Timezone CEST to GMT

Question

I have to input the date time in this format :

"2018-07-17T12:16:50.52Z"

Hence I am using :

private static final SimpleDateFormat LIVETRACK_DATE_TIME_FORMATTER =
  new SimpleDateFormat("yyyy-MM-dd'T'HH:mm:ss'Z'");

DATE_TIME_FORMATTER.parse(timeFrameFrom);

But I'm getting the below error when I run test case :

Tue Jul 17 1[2:20:50 CES]T 2018> but was:<Tue Jul 17 1[0:20:50 GM]T 2018>

Does that mean I should convert the date to GMT format? How do I convert it?

Answer 1

    DateTimeFormatter formatter = DateTimeFormatter.ofPattern(
            "EEE MMM dd HH:mm:ss zzz yyyy 'Uhr'", Locale.ROOT);

    String input = "2018-07-17T12:16:50.52Z";
    ZonedDateTime dateTime = Instant.parse(input)
            .atZone(ZoneId.of("Europe/Berlin"));
    String output = dateTime.format(formatter);
    System.out.println(output);

Output:

Tue Jul 17 14:16:50 CEST 2018 Uhr

Your test case is expecting the wrong result. The Z in your input string means UTC (offset zero from UTC or the so-called Zulu time zone). The time of 12:16:50.52 in UTC is the same as 14:16:50.52 in Central European Summer Time (CEST). So requiring Tue Jul 17 12:20:50 CEST 2018 Uhr is wrong.
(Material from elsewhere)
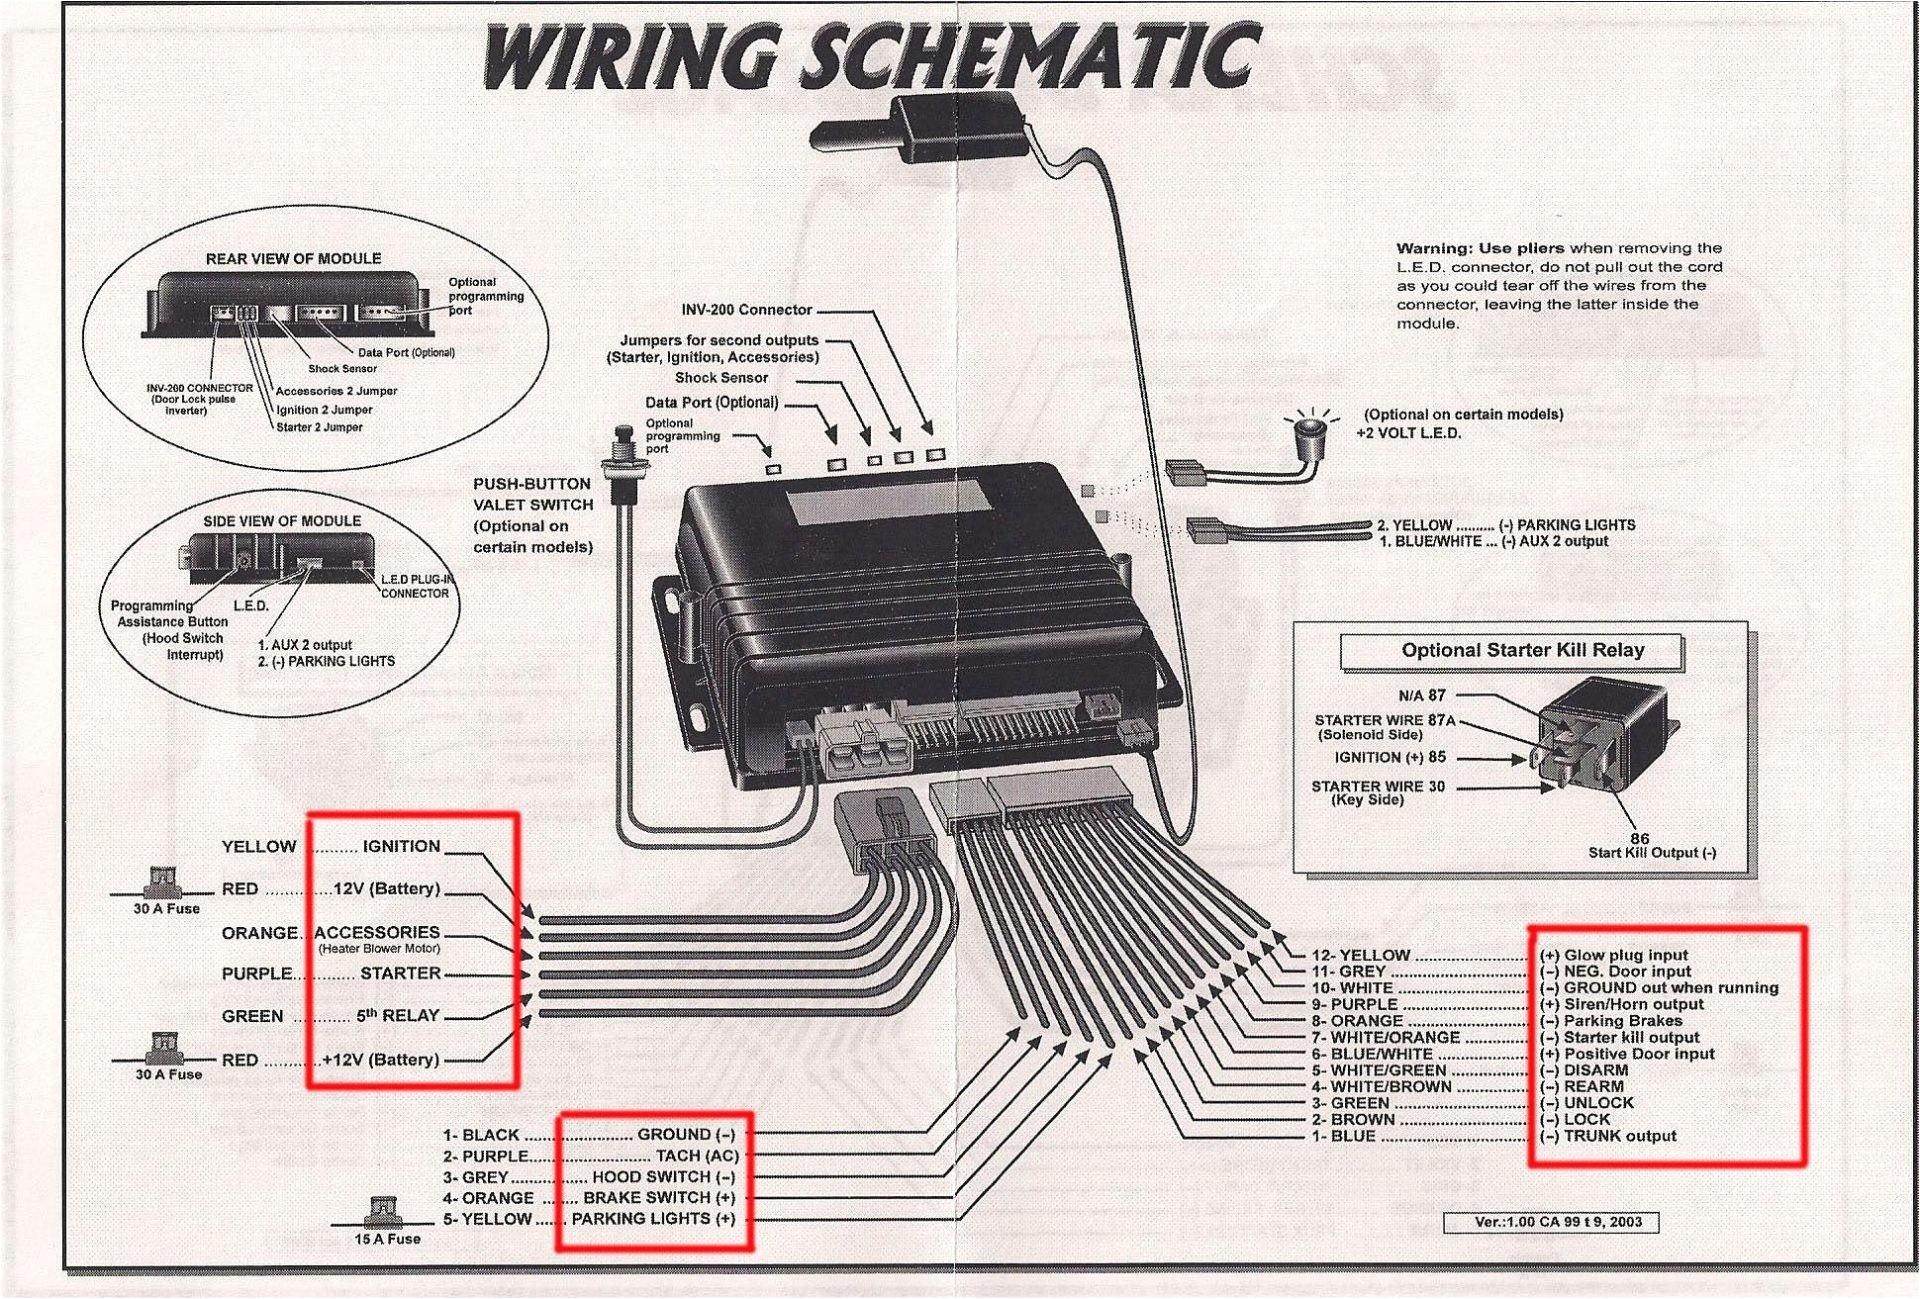 wiring viper diagram alarm car 560vx wiring diagram pos viper 300 alarm schematic

In your code you hardcoded Z as a literal rather than parsing it as an offset as you should. Funnily this produced the wrong point in time that the unit test expected, only not in the expected time zone. This may have to do with Date.toString using the time zone setting of your JVM and the test expecting this to be CEST, when it really was GMT. However your SimpleDateFormat didn’t use GMT for parsing the string (probably CEST), so you haven’t given us enough information to explain everything that has happened in your test. SimpleDateFormat would use the same JVM setting unless you have explicitly set its time zone, which doesn’t happen in the code you have posted.

Link: Oracle tutorial: Date Time explaining how to use java.time.